**DATASET ENTRIES:**
________________
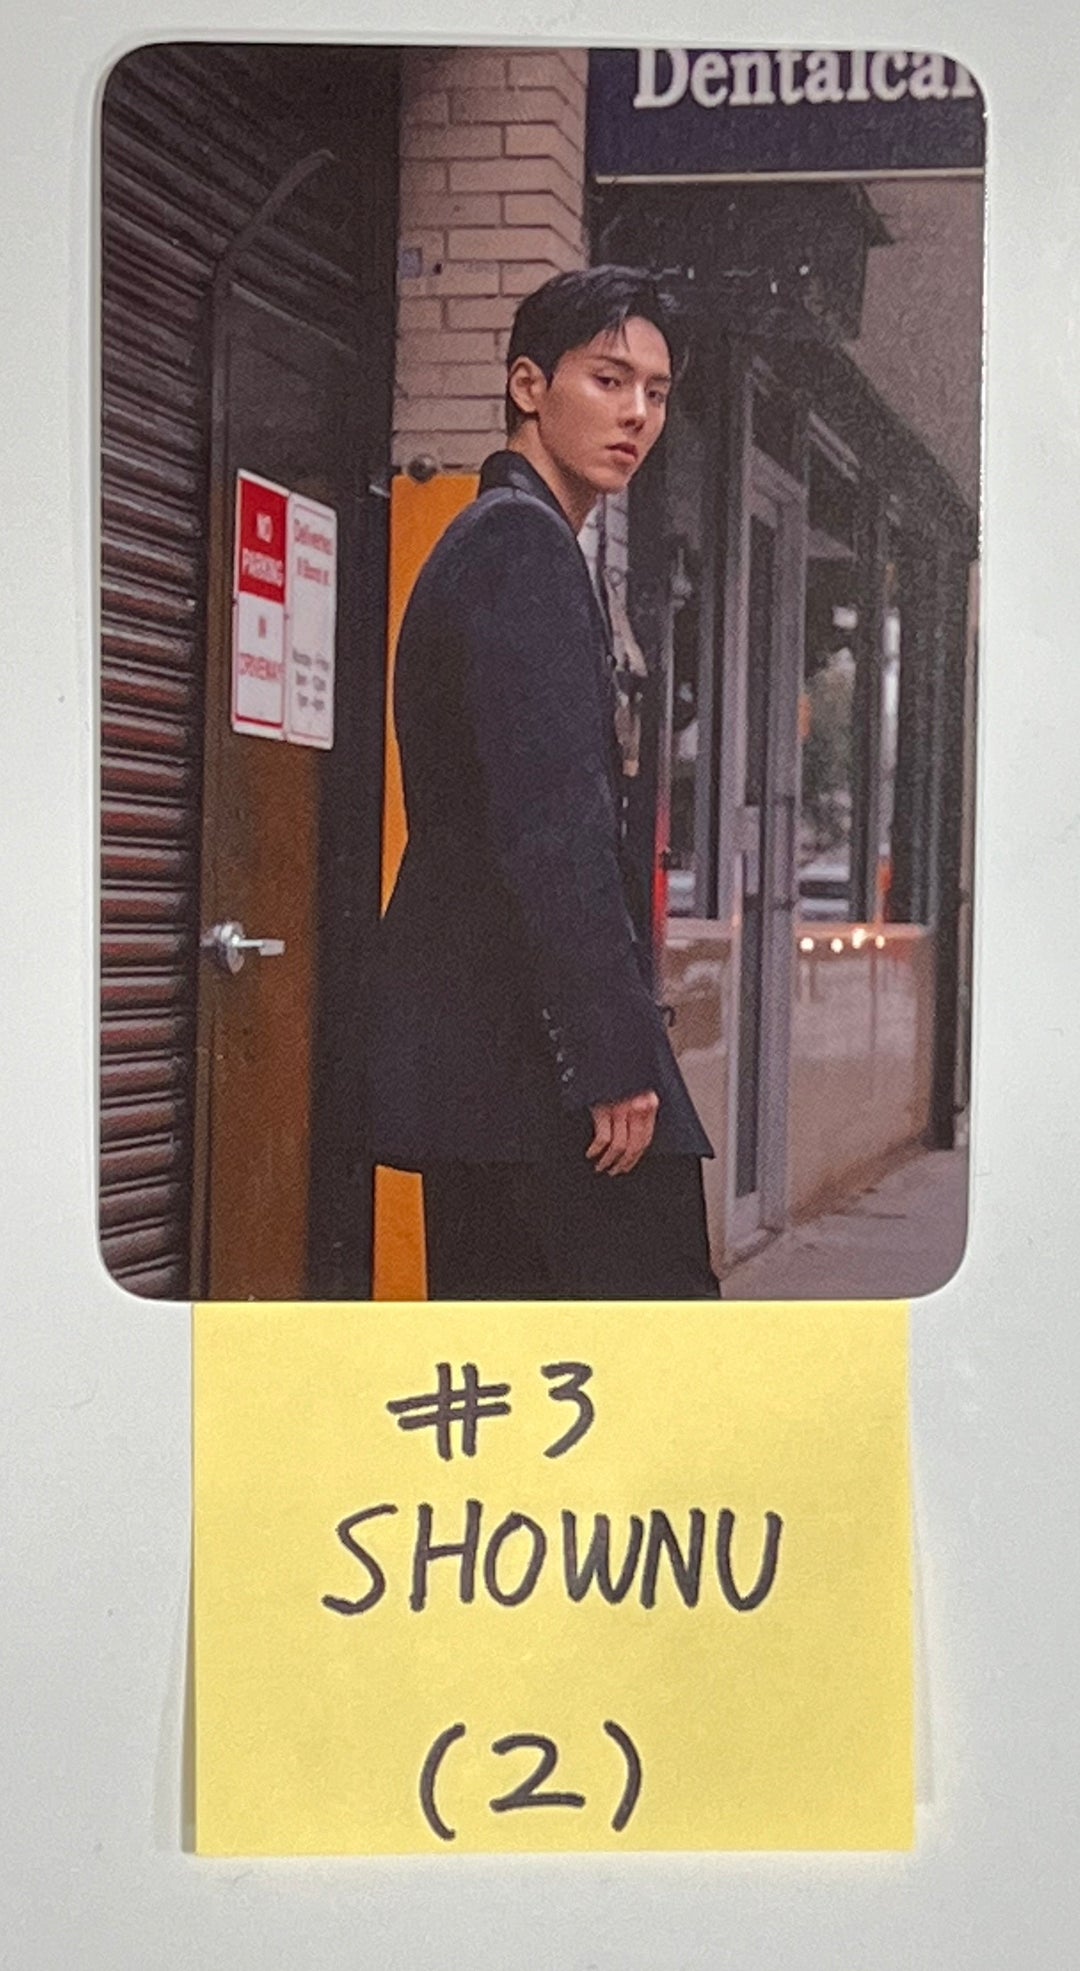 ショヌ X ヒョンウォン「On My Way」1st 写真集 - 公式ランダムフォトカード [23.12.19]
________________
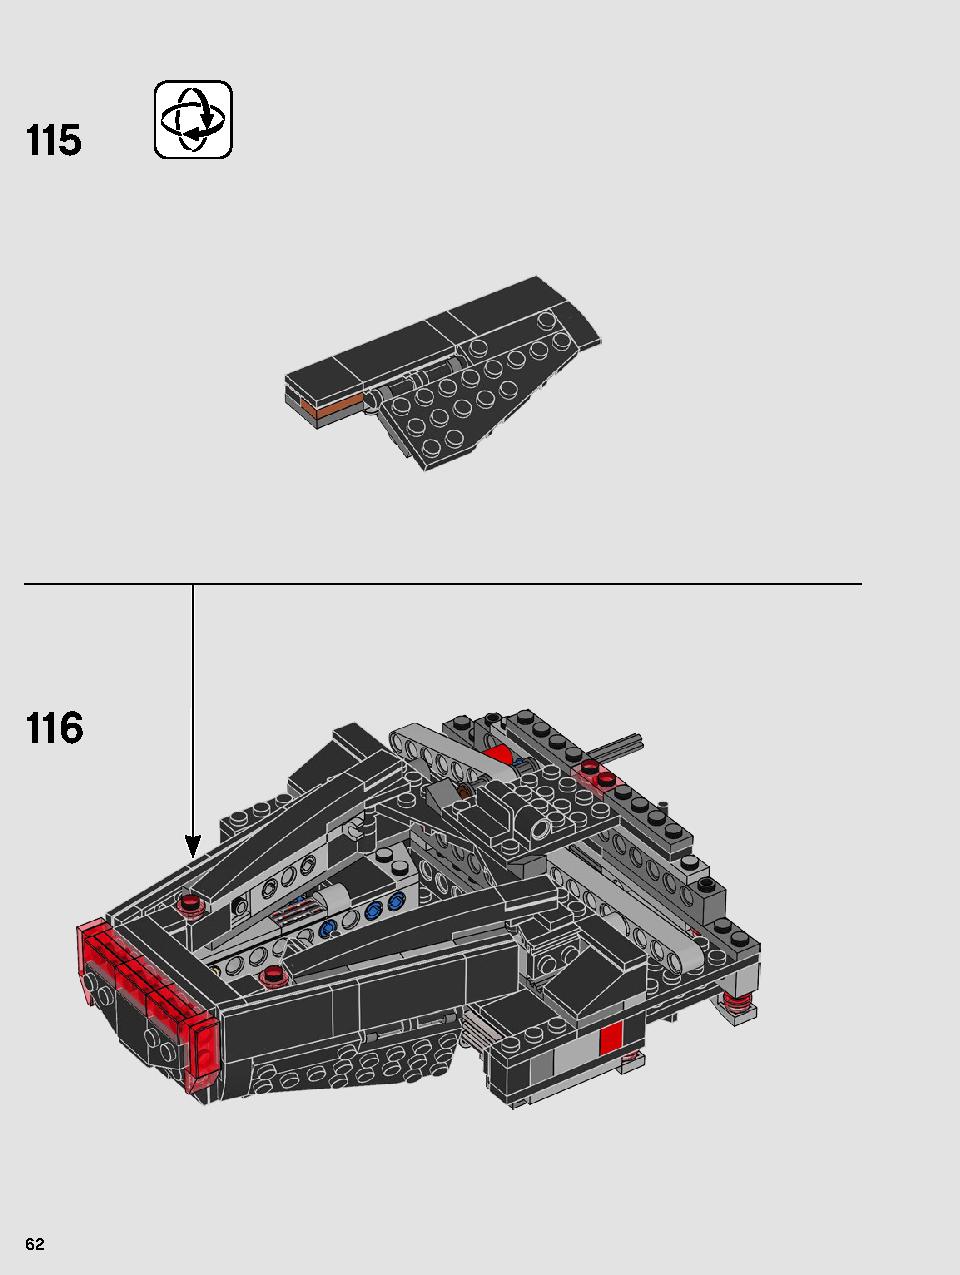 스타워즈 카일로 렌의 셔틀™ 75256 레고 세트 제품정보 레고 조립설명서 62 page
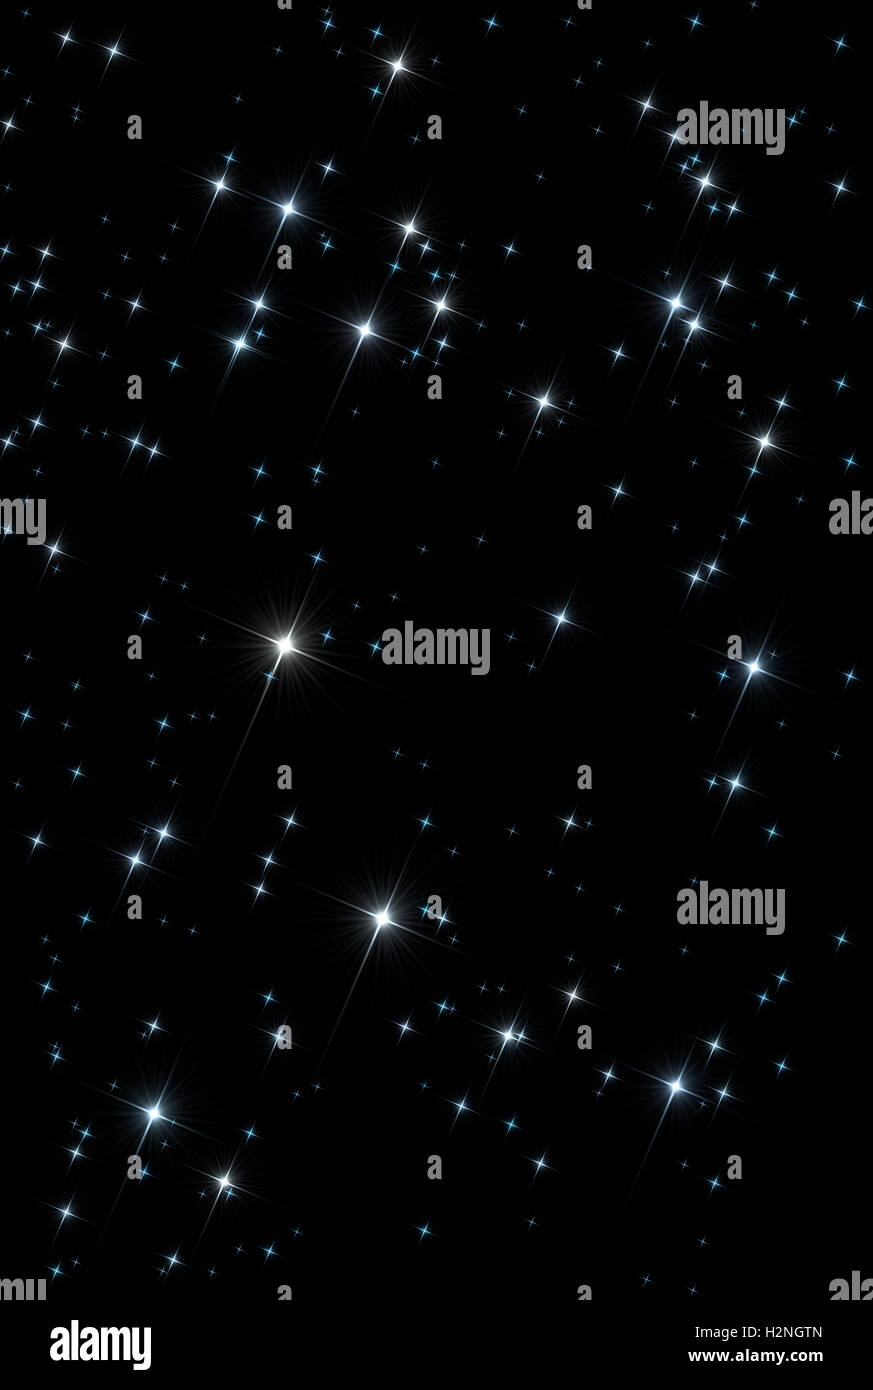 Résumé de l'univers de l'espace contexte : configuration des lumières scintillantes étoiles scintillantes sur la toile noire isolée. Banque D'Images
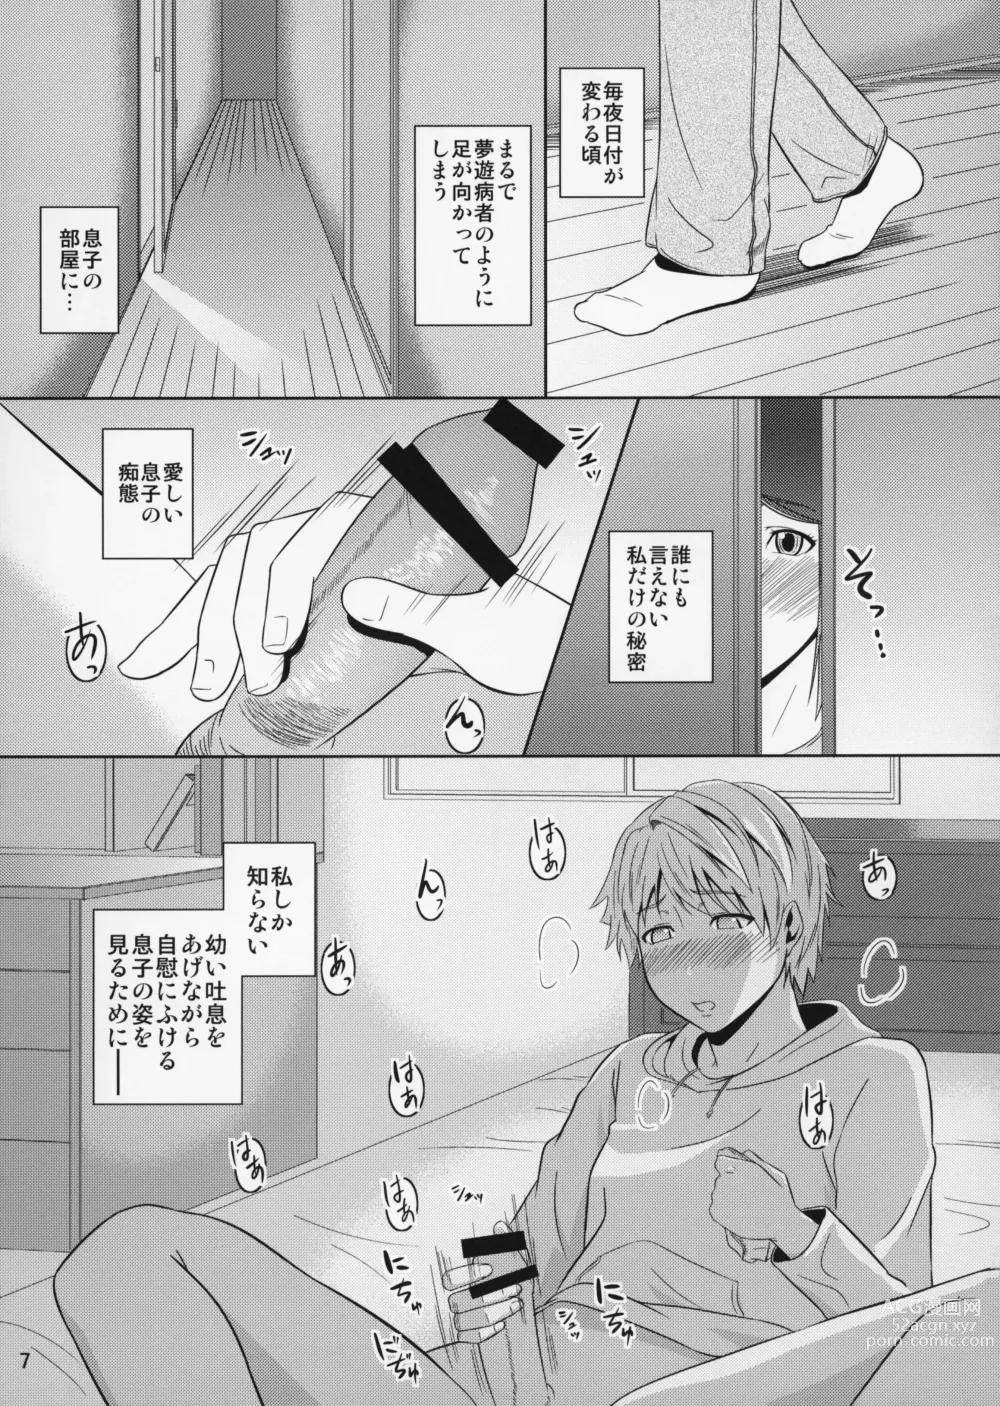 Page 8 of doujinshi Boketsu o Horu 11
________________
**EXERCISE OBJECTIVE:** Write out the lines above from the one with "Résumé de l'univers" through the one with "Page 8 of doujinshi Boketsu o Horu 11", ends included, exactly; no picture goes in.

**YOUR RESPONSE:**
 Résumé de l'univers de l'espace contexte : configuration des lumières scintillantes étoiles scintillantes sur la toile noire isolée. Banque D'Images
 Page 8 of doujinshi Boketsu o Horu 11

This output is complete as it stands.